Но, копнув глубже, как понять нам собственную брезгливость, когда мы задумываемся об ожидающем роденовские работы будущем посмертном литье? Не цепляемся ли мы в этом за культуру оригиналов, которой нет места среди репродуцируемых медий? На нынешнем рынке фотографии эта культура - старых отпечатков - пускается во все тяжкие. Старый отпечаток характеризуется как сделанный "в близкой эстетике" - т.е. как объект, созданный не только самим фотографом, но и примерно в то же время, что и съемка. Это конечно механистический взгляд на авторство, он не учитывает, что некоторые фотографы - худшие печатники, чем те, которых они нанимают, что через много лет после того, как фоторафия сделана, фотограф переиздает ее, заново собирая урожай со старых снимков, иногда сильно улучшая их; или что возможно воссоздать старую бумагу и старые химикаты, воскрешая таким образом вид старых снимков XIX века, так что аутентичность не обязана быть производной от истории технологии.
Формула, определяющая фотографический оригинал как отпечаток, сделанный "в близкой эстетике", - это, очевидно, формула, предписанная художественно-исторической идеей стиля определенной эпохи и применяемая к практике тонкого вкуса. Стиль эпохи - особая форма связи, которая не может быть нарушена обманным способом. Аутентичность, скрытая в идее стиля, есть результат самого стиля, задуманный сообща и бессознательно при его изобретении. Таким образом, индивидуум по определению не может сознательно повелевать стилем. Поздние копии можно разоблачить, поскольку они принадлежат другому периоду. Действительно, сдвиг в чувствительности, нарушив светотень, сделает очертания или слишком резкими, или слишком мутными, разрушит старую систему связности. Мы чувствуем, что отливка "Врат Ада" 1978 года оскверняет, как раз эту идею стиля эпохи. Нас не беспокоит, в порядке ли авторские права, ибо на кону эстетические права стиля, основанные на культуре оригинала. Сидя в маленьком кинозале, наблюдая новейшее литье "Врат", наблюдая осквернение, нам хочется крикнуть: "Обман!"
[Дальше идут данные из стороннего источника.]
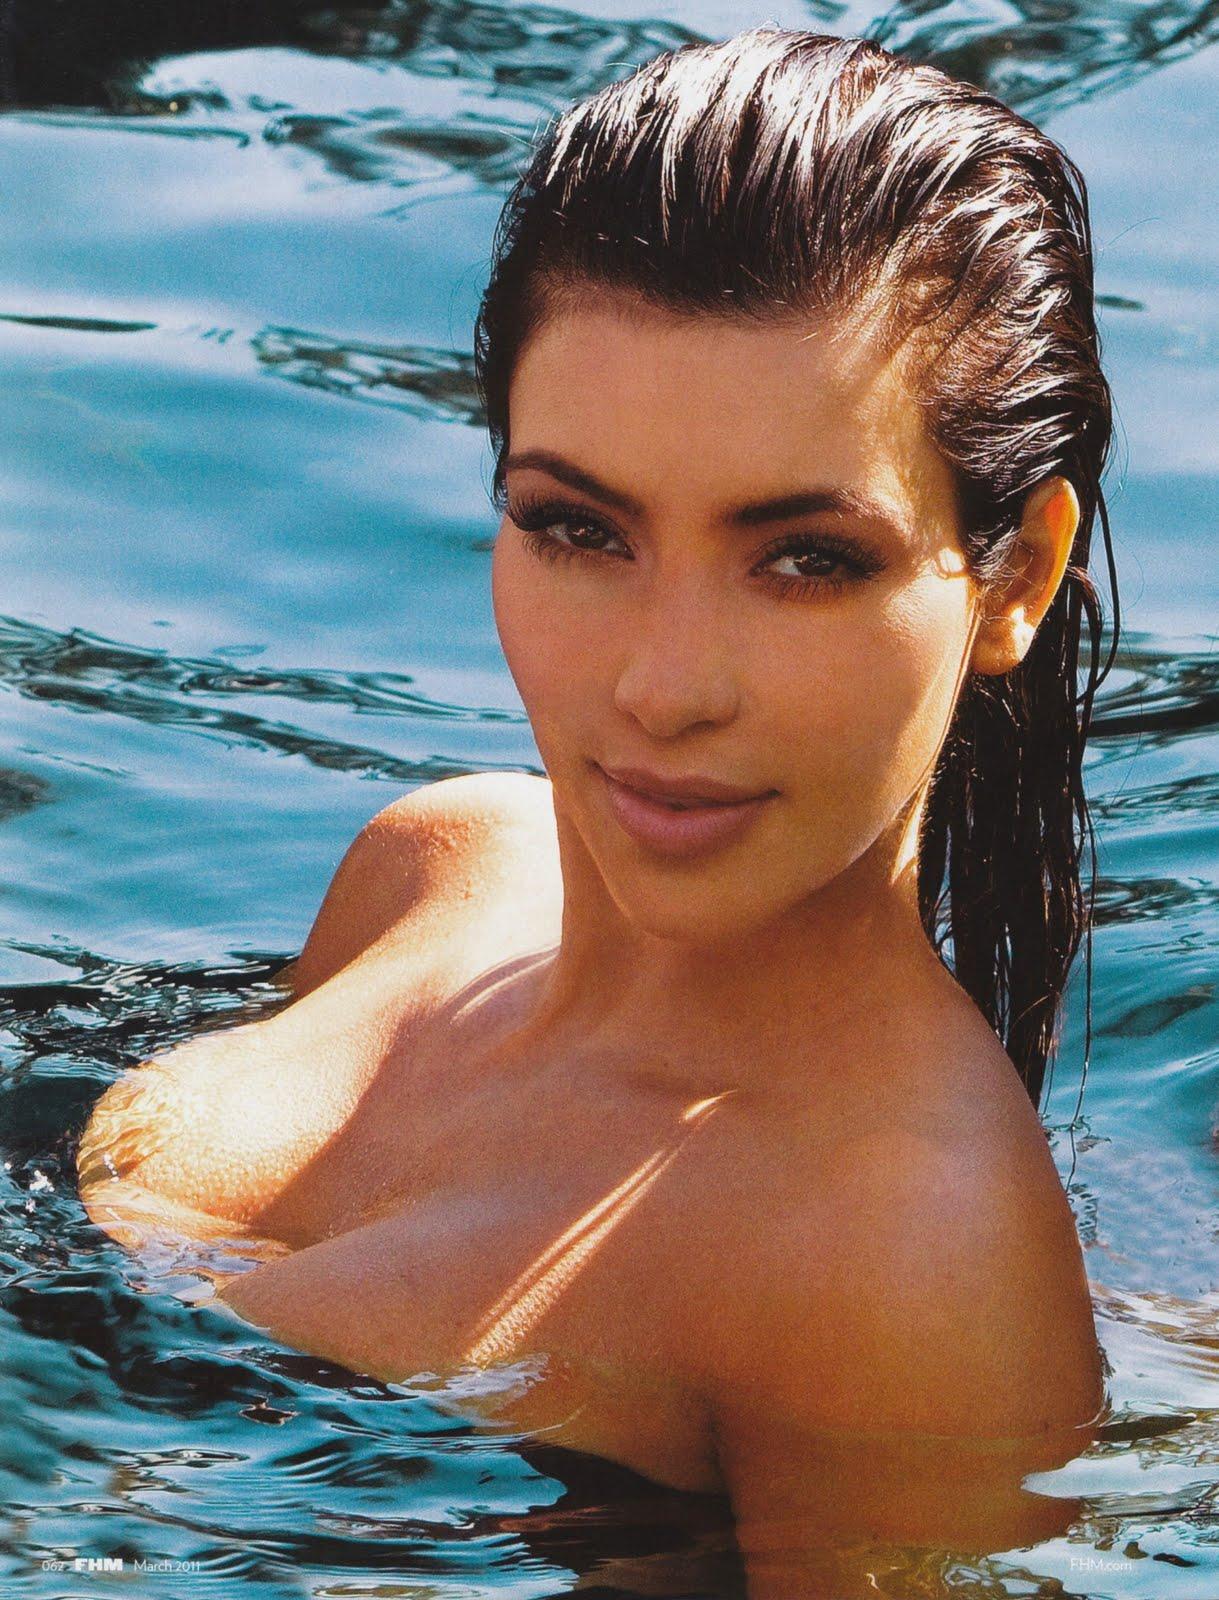 http://2.bp.blogspot.com/_ImioM_zH-NY/TVF7Eu4wf8I/AAAAAAAABuI/0xnRHmNzHK0/s1600/Kim-Kardashian-4.jpg

Так зачем начинать дискуссию об авангардном искусстве с истории о Родене, отливках и копирайте? Тем более, что Роден кажется последним, кто может прийти в голову в связи с этой темой - столь популярен он был при жизни, так прославлен и так быстро втянулся в трансформацию своих работ в кич.
В течение первых ста лет своего существования авангардист примерял много личин: революционер, денди, анархист, эстет, технолог, мистик. При этом он проповедовал различные убеждения. •Лишь одно кажется действительно постоянным в его дискурсе - тема оригинальности. Под оригинальностью здесь я понимаю не только мятеж против традиции, отраженный у Эзры Паунда: "Сделай новым!" и в обещании футуристстов разрушить музеи, которые, как бесчисленные кладбища, захламили Италию. Оригинальность авангарда задумывалась не столько как отрицание прошлого, сколько как буквальное начало, начало с базового нуля, рождение. Маринетти, однажды вечером 1909 года выпавший из машины в заводскую канаву, наполненную водой, всплыл словно из околоплодных вод, чтобы заново родиться - без предков - футуристом. Это иносказание об абсолютном само-созидании, открывающее первый Манифест Футуристов, является моделью понимания оригинальности авангардом начала XX века. Оригинальность становится здесь естественной метафорой, отсылающей не столько к формальным изобретениям, сколько к источникам жизни. Личность как исток свободна от осквернения традицией, поскольку владеет своего рода первичной наивностью. Здесь будет уместно изречение Бранкузи: "Мы мертвы, как только перестаем быть детьми". Кроме того, личность как исток имеет потенциал к постоянному возрождению, вечному само-рождению. Потому и Малевич провозглашает: "Жив только тот, кто отвергает свои вчерашние убеждения". Личность как исток - путь к абсолютному отличию, возможному между заново пережитым настоящим и исчерпавшим себя традиционным прошлым. Требования авангарда - как раз эти требования оригинальности.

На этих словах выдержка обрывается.